Another scalability technique at the database level is data sharding. A database shard is a horizontal partition in a database, that is, take a large database, and break it into a number of smaller databases across servers. This design principle (horizontal partition) whereby rows of a database table are held separately, rather than being split into columns (which is what normalization and vertical partitioning do, to differing extents). Each partition forms part of a shard, which may in turn be located on a separate database server.
Let´s illustrate this concept as shown below. The primary shard table is the customer entity.
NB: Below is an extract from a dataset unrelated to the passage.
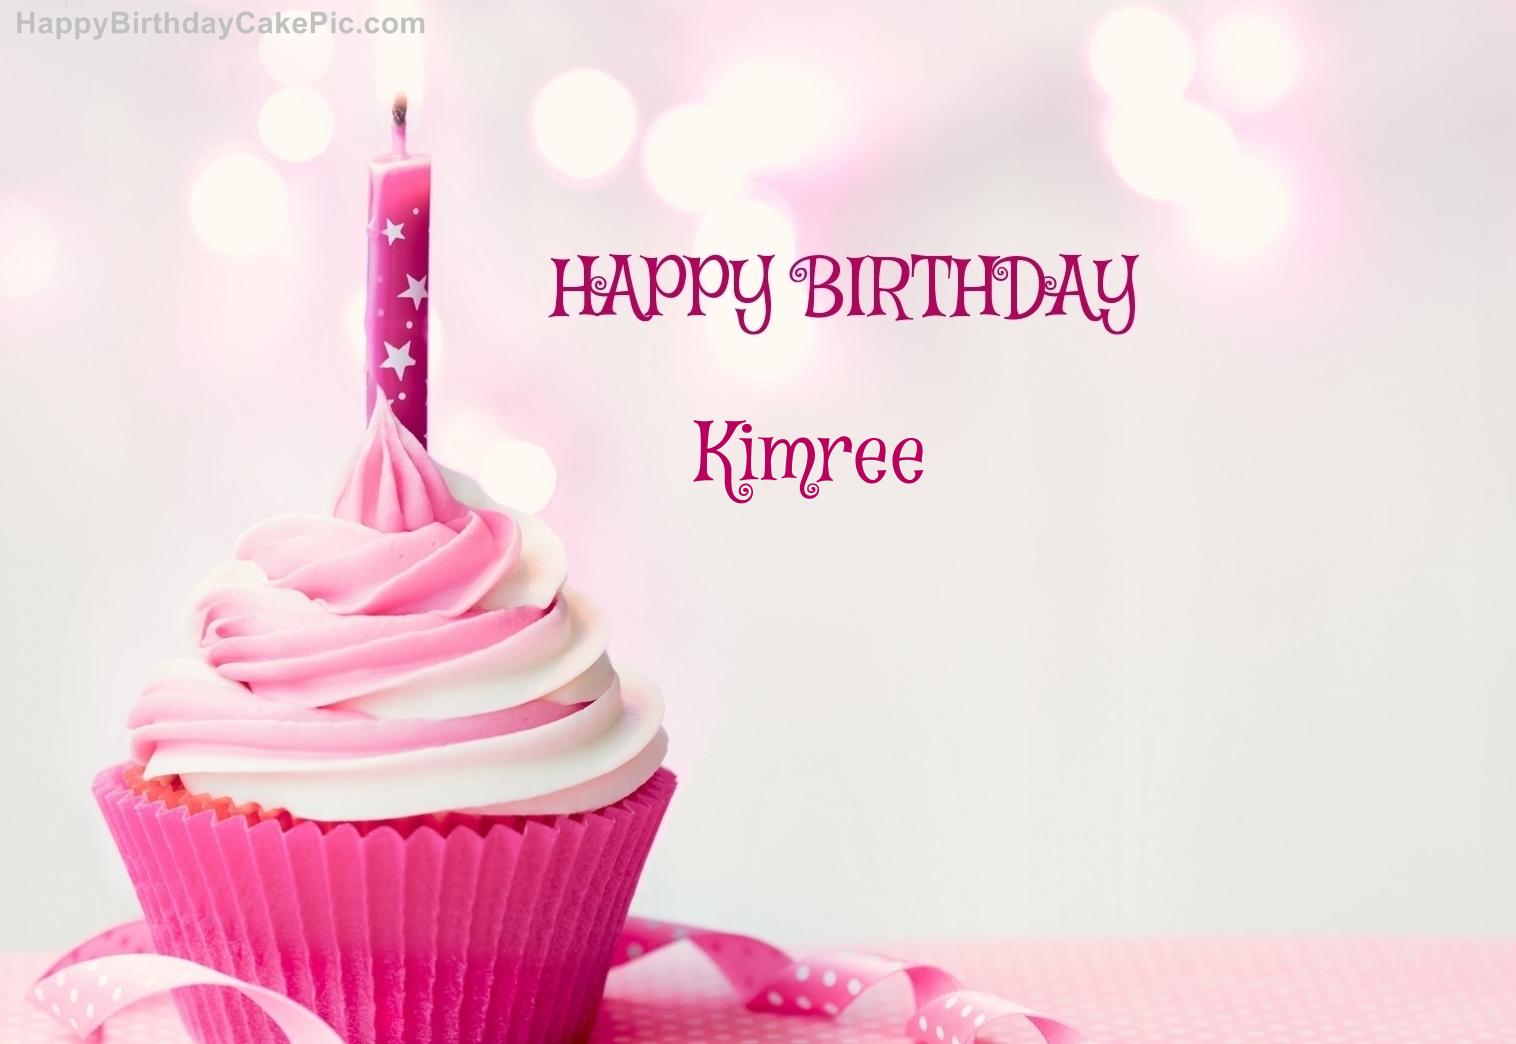 Happy Birthday Cupcake Candle Pink Cake For Kimree
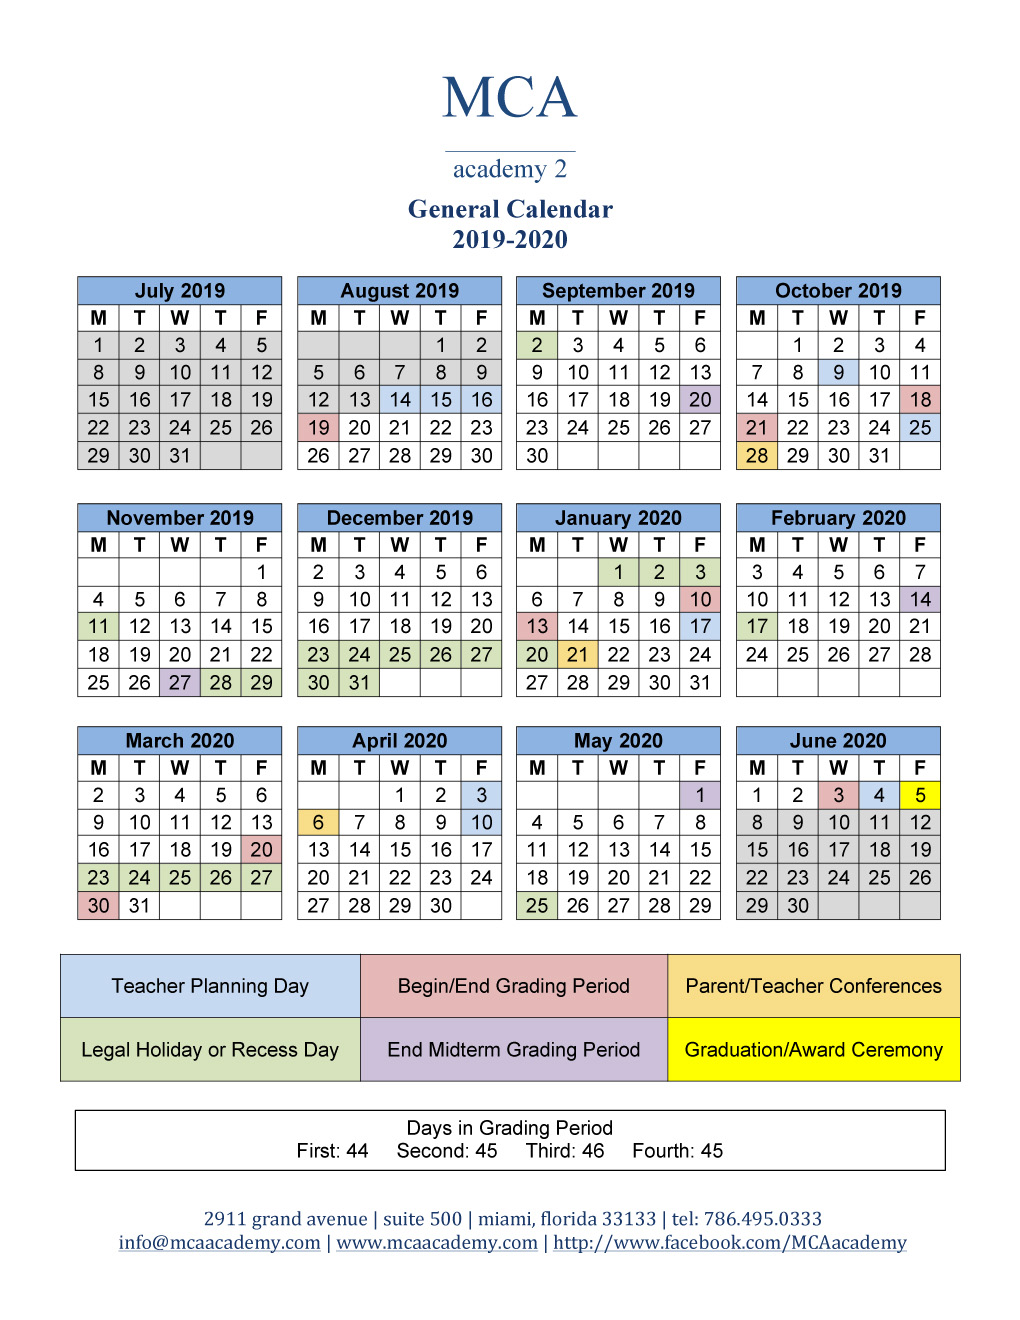 School-Christmas-Vacation-Starts-2020-Miami-Florida School Calendar 2019 2020   MCA Academy

The customer table is the parent of the shard hierarchy, with the customer_order and order_item entities as child tables. The global tables are the common lookup tables, which have relatively low activity, and these tables are replicated to all shards to avoid cross-shard joins. There are design concerns when you architect your data shards:
- Generate and assign unique id to each piece of data
- Shard id based on least used shard and the shardId is embedded in the primary key itself
- Whenever an object needs to be looked up we parse the objectId and get the logical shard id, from this we lookup the physical shard id and get a connection pool and do the query there. For example: ObjectId= 32.XXXXXXX maps to logical shard 32 and logical shard 32 lives physically on shard 4 and shard 4 lives physically on host2, schema5
In this article, I´ve covered the key principles, techniques and architectures related to scalability of software system, specifically from the cloud computing perspective in order to take advantage of this emerging/well-established technology that fits very well when growing our business and the underlying applications.